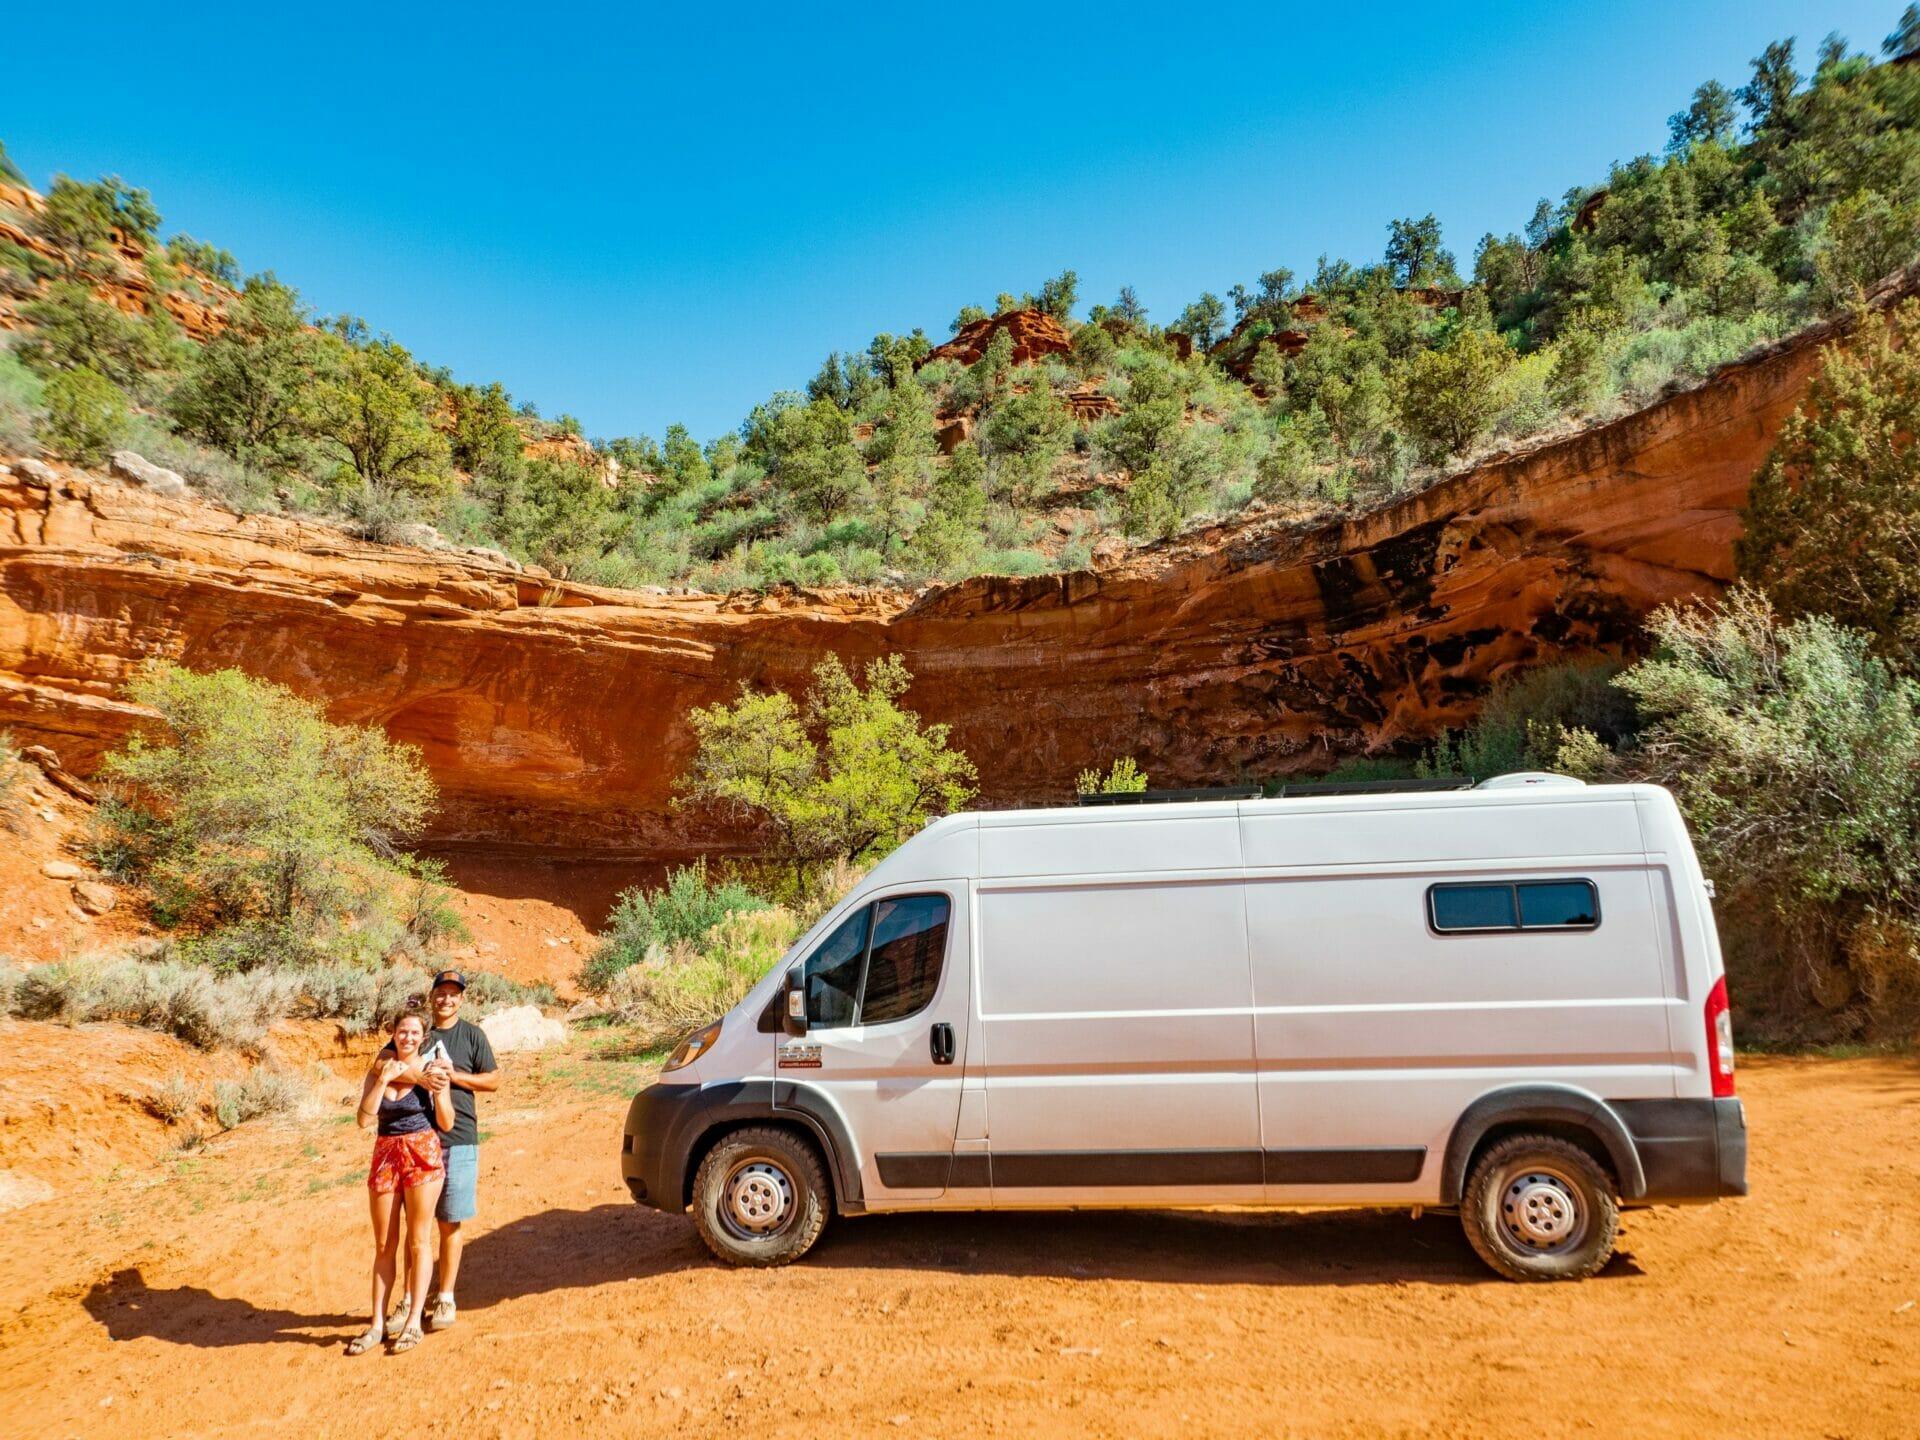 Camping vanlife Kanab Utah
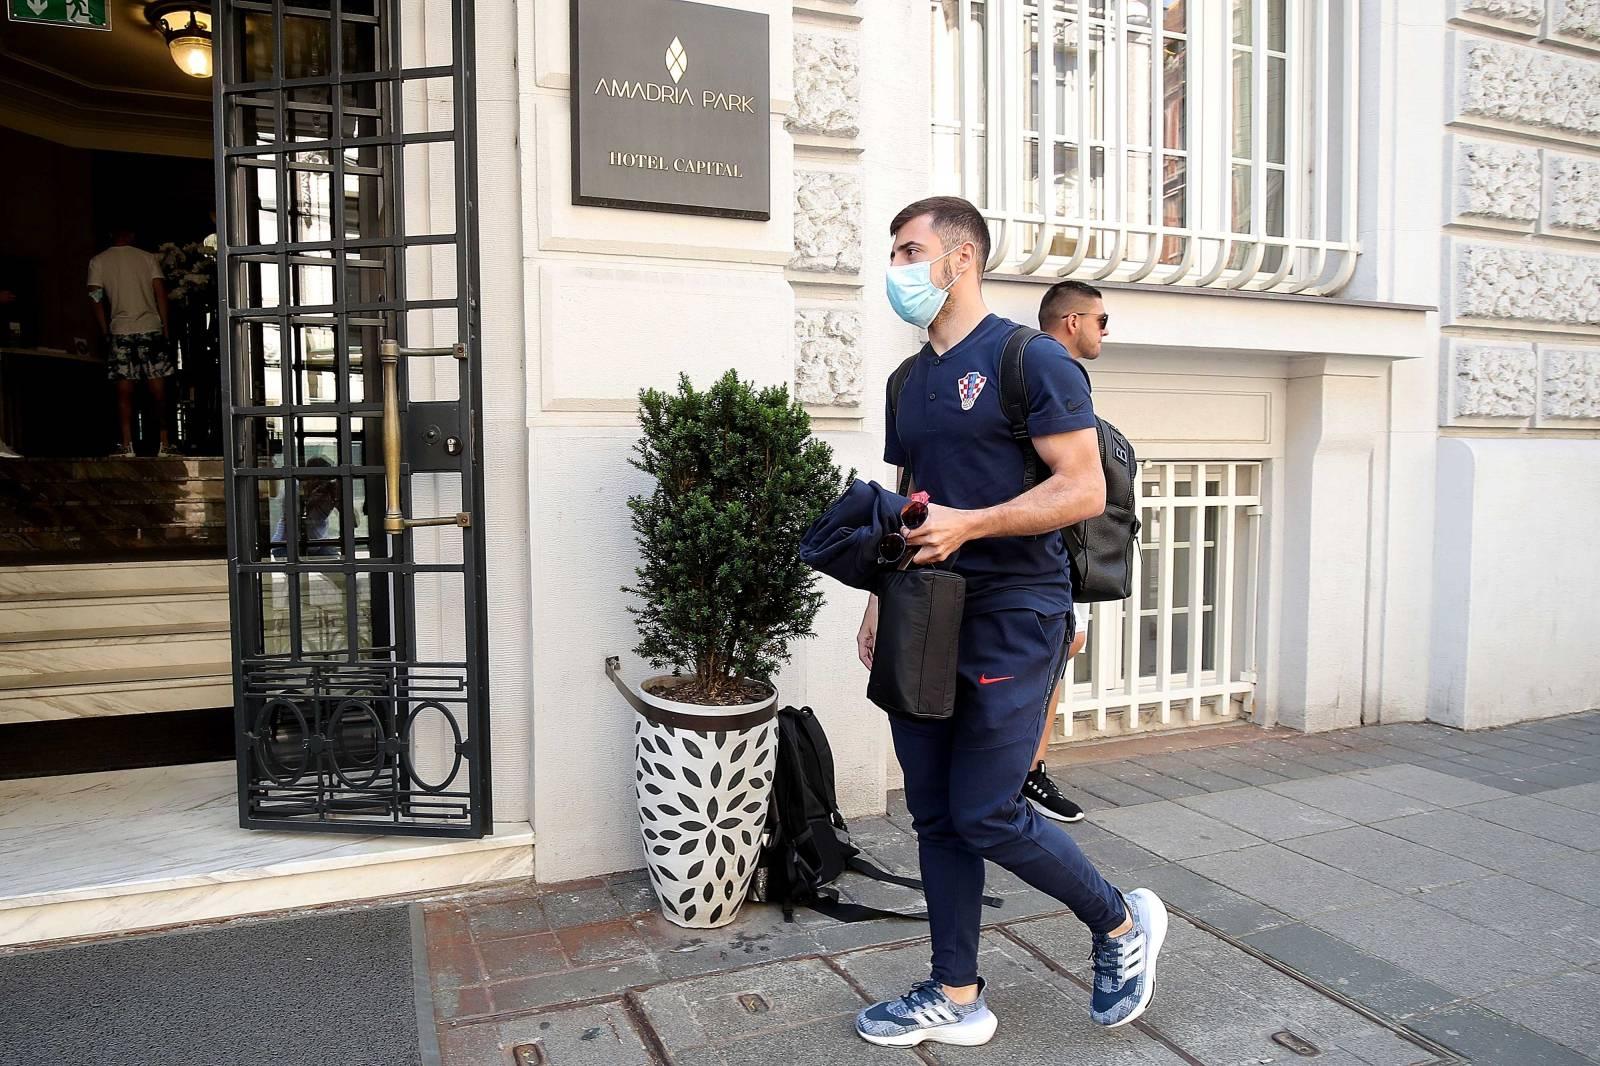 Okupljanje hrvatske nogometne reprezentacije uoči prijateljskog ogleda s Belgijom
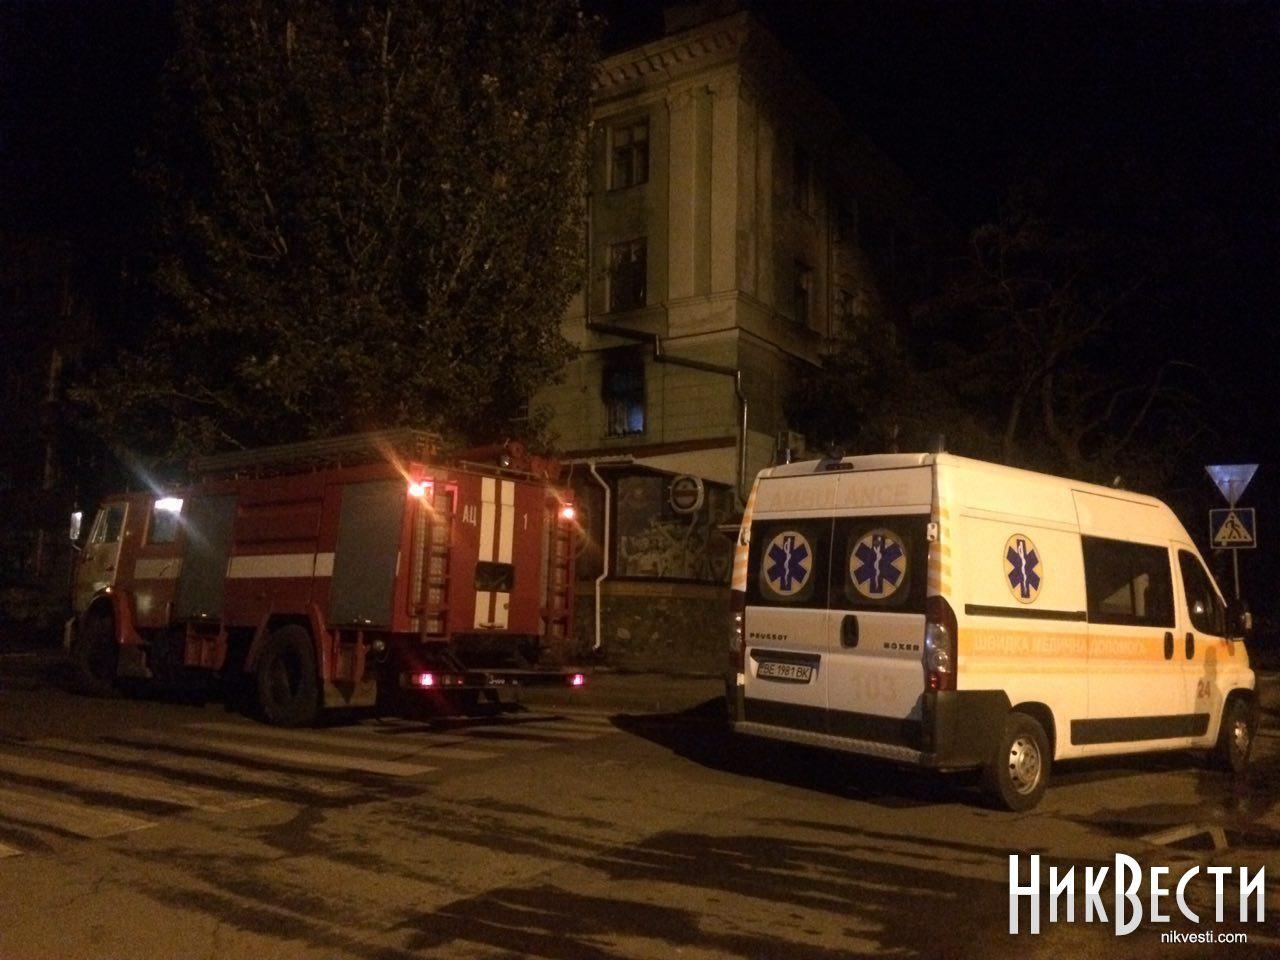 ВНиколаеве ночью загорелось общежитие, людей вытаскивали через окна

☆ ☆ ☆ ☆

**Assigned task**
Keep the pictures out of your answer, which should be the lines from the one with "Okupljanje hrvatske nogometne" through the final line of the data, copied exactly.

**Reply to the exercise**
 Okupljanje hrvatske nogometne reprezentacije uoči prijateljskog ogleda s Belgijom
 ВНиколаеве ночью загорелось общежитие, людей вытаскивали через окна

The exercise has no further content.